Monday, September 10, 2012

UPDATE: New ADA Standards Taking Effect

Staying On Top of ADA & CBC
Accessibility related issues and items are a growing concern for property owners and tenants. Having a compliant facility and staying on top of both the Americans with Disabilities Act (ADA) and California Building Code (CBC) requirements are critical to avoid increasing complaint letters and lawsuits. In March 2012, the 2010 ADA Standards took effect. These standards contain significant changes, some of which created conflicts with CBC requirements.  To resolve such conflicts, the State of California issued emergency measures, which have just taken effect this past month of August 2012.
Some of these recent changes include:
  • Range of mounting heights of signs is now allowed; replaces previously identified exact heights, which are no longer compliant.
  • Increase in required number of van accessible spaces.
  • Allowance of a range for toilet centerline from the wall; no longer an exact dimension.
  • Increase in duration required for the door closing speed/time.
  • Change in location of toilet paper roll; previous location is no longer compliant.
  • New requirements for previously exempt facilities, such as recreation facilities and golf courses.
  • Change in requirements for detectable warning truncated domes spacing and location.

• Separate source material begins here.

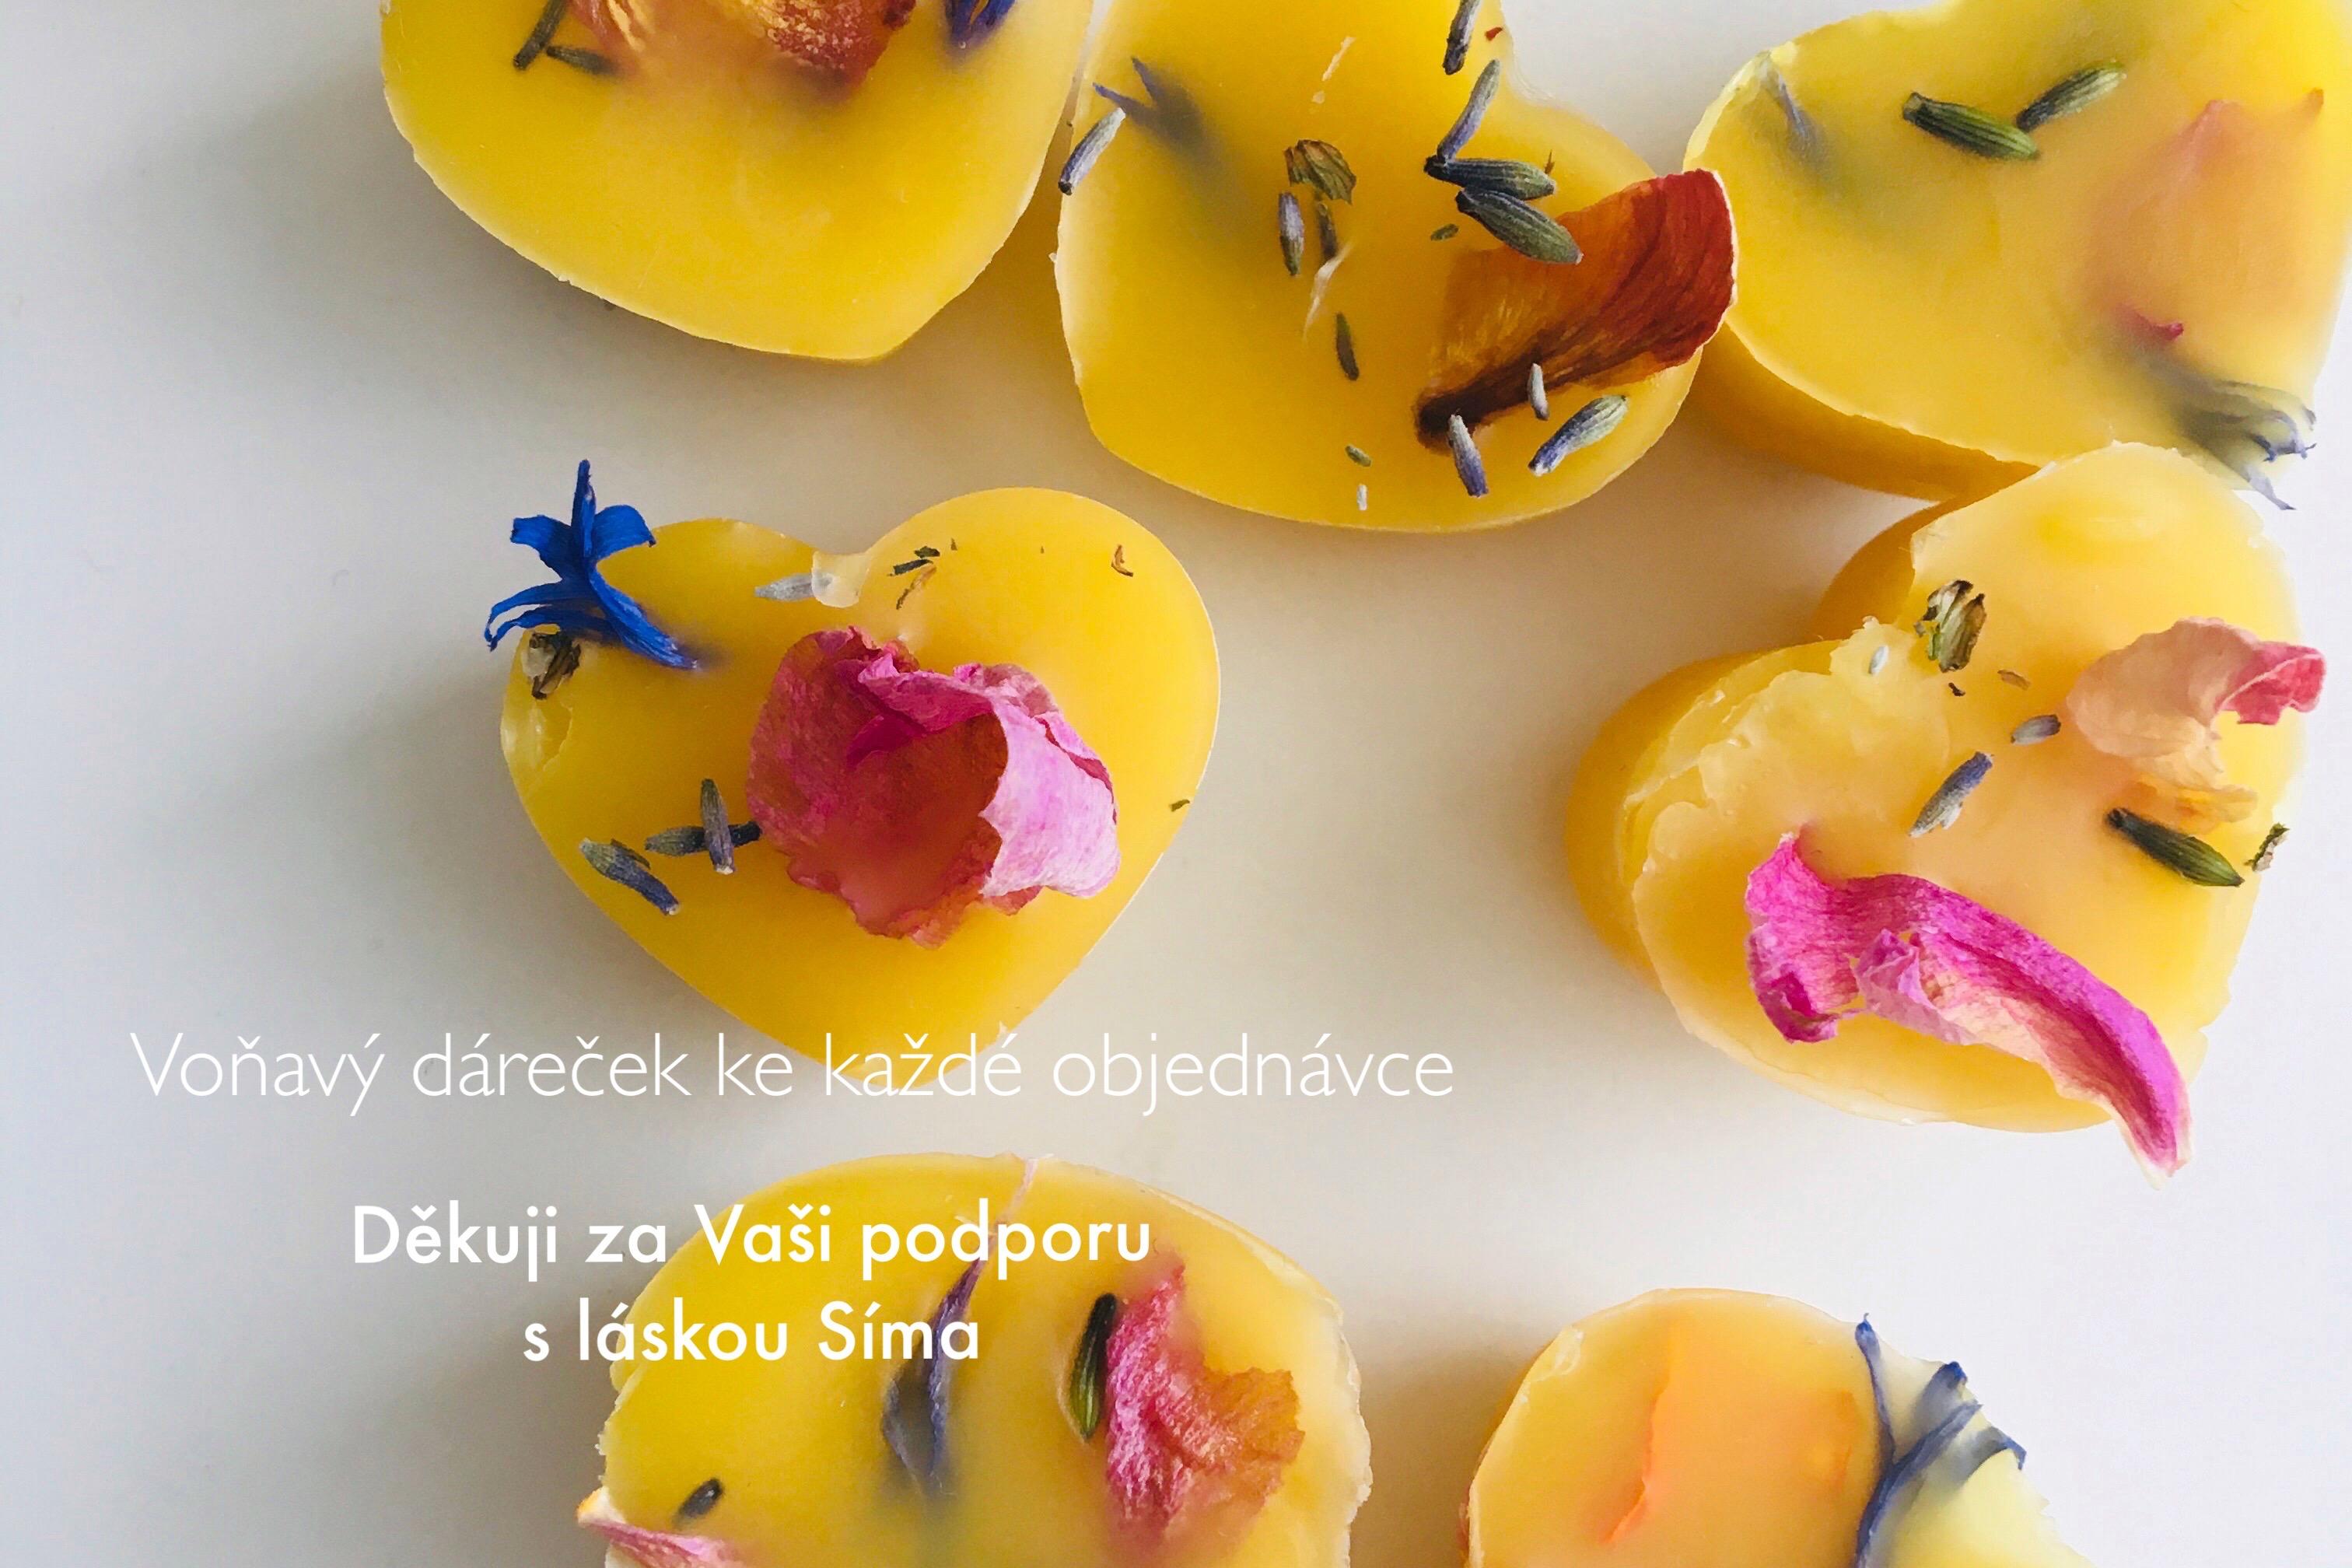 Voňavá srdíčka ze včelího vosku v kombinaci s přírodními esenciálními oleji, které jsou zdobené květinkami z vlastní zahrádky
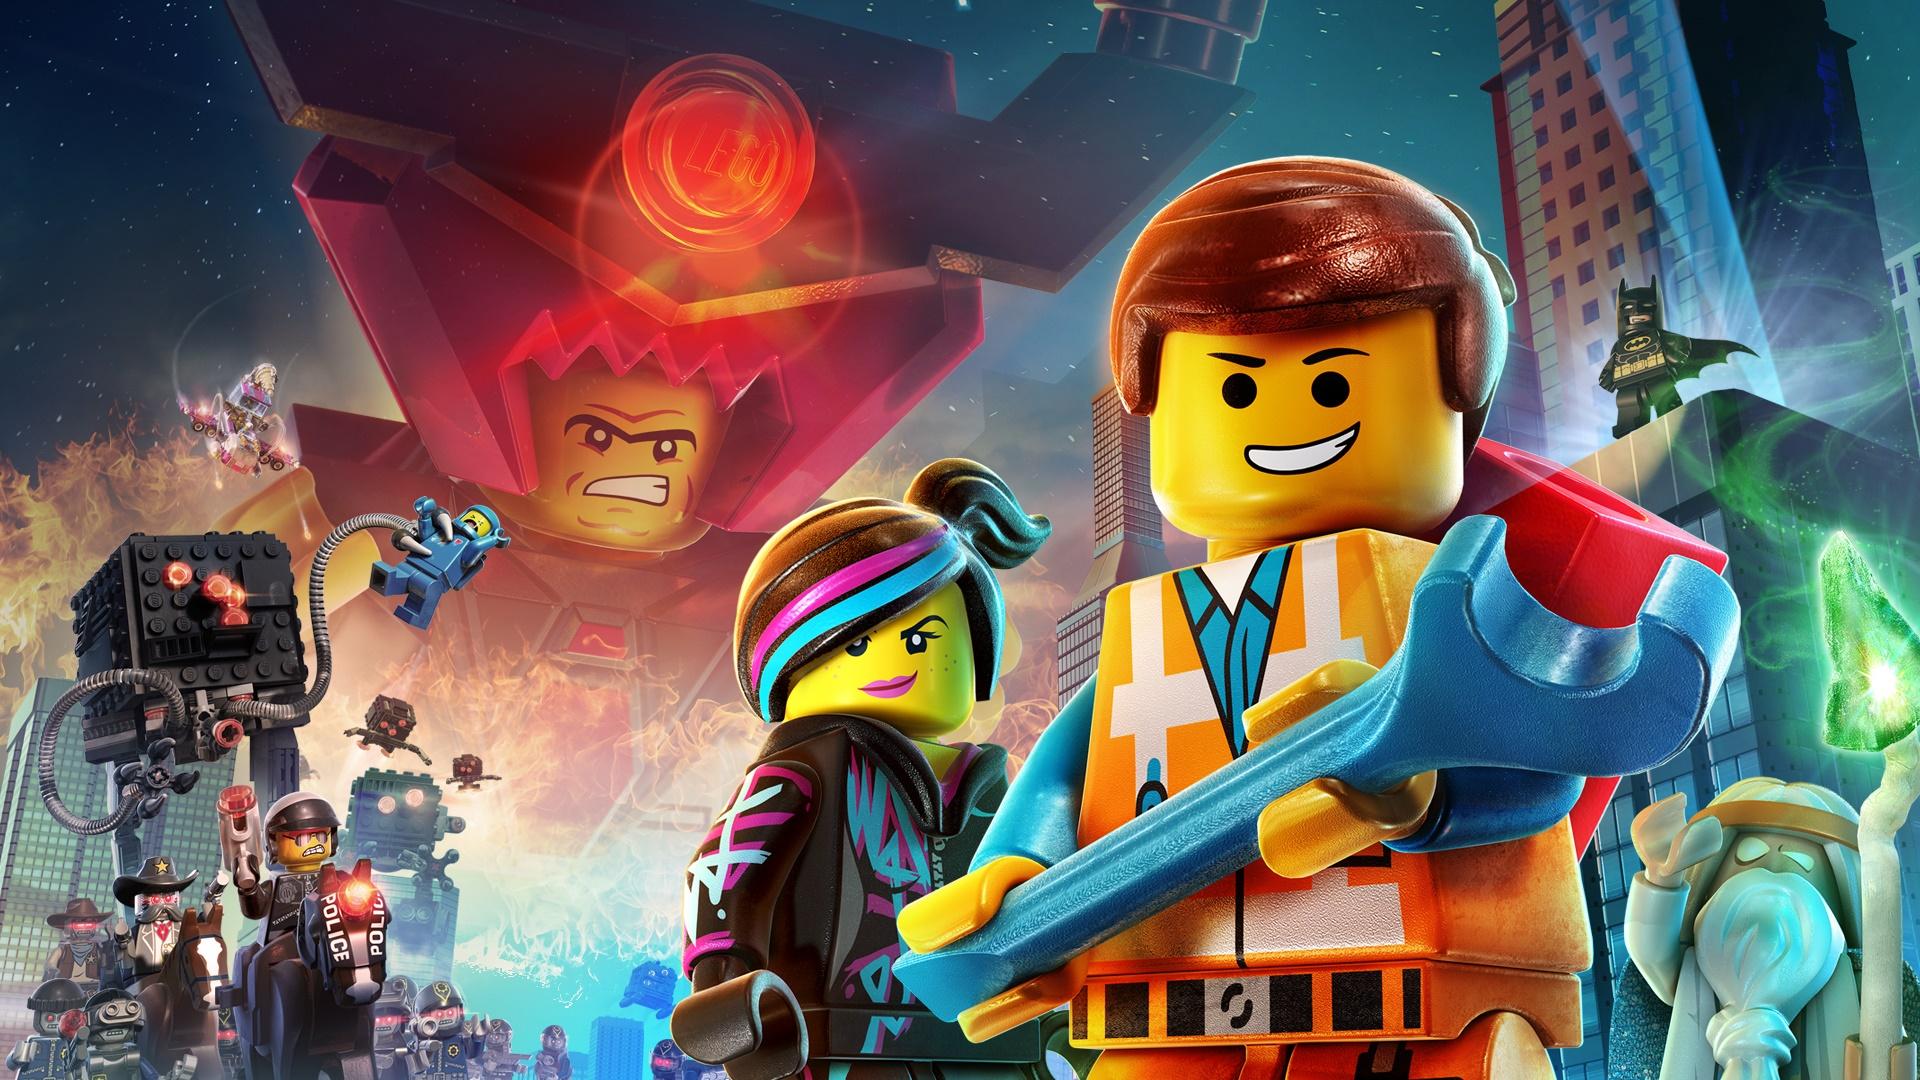 The Lego Movie Videogame Hd Wallpaper Hintergrund 1920x1080 Id

Accessibility is such a critical component of facility management, design and construction, that Williams + Paddon has a studio dedicated to it led by Mark Posnick, AIA, CASp. We stay up to date on changes to the requirements and provide that information to our clients and colleagues. If you are interested in learning more about recent changes to accessibility requirements, please contact Mark at 916.786.8178 or email



Based on the required locations of grab bars at a water closet, assuming they provide a possible hand hold the entire length, why in the world does the flush handle need to be on the "wide side"? So, practically, would not one of these be necessary?

The grab bar locations are based on the need and function of someone in a wheelchair transferring to the toilet from the side. The grab bars do provide handholds at the back and wall side to allow someone to lift and pull (or lift and push when transferring back to the wheelchair) themselves onto the toilet. When the person transfers back to the wheelchair, their back is to the wall, so placing the flush handle on the wide side, makes it immediately next to them. This is a much easier location for them to reach to flush the toilet since it is immediately adjacent to where they are sitting in the wheelchair. It is physically possible that the person could lean over and use the grab bar to hold themselves up while the reach to the far side/wall side of the toilet to a flush handle, but this is a much more difficult movement for many people. If this is a flush valve situation, the location is more accessible, but if it is a tank, they may have to reach over or around the tank, which is much more difficult. This is especially true if the flush is not only on the wall side, but actually on the side of the tank. This requires a tremendous amount of twisting that many persons in wheelchairs are not able to do. So the laws and codes are written on the more conservative side for those who cannot perform that maneuver.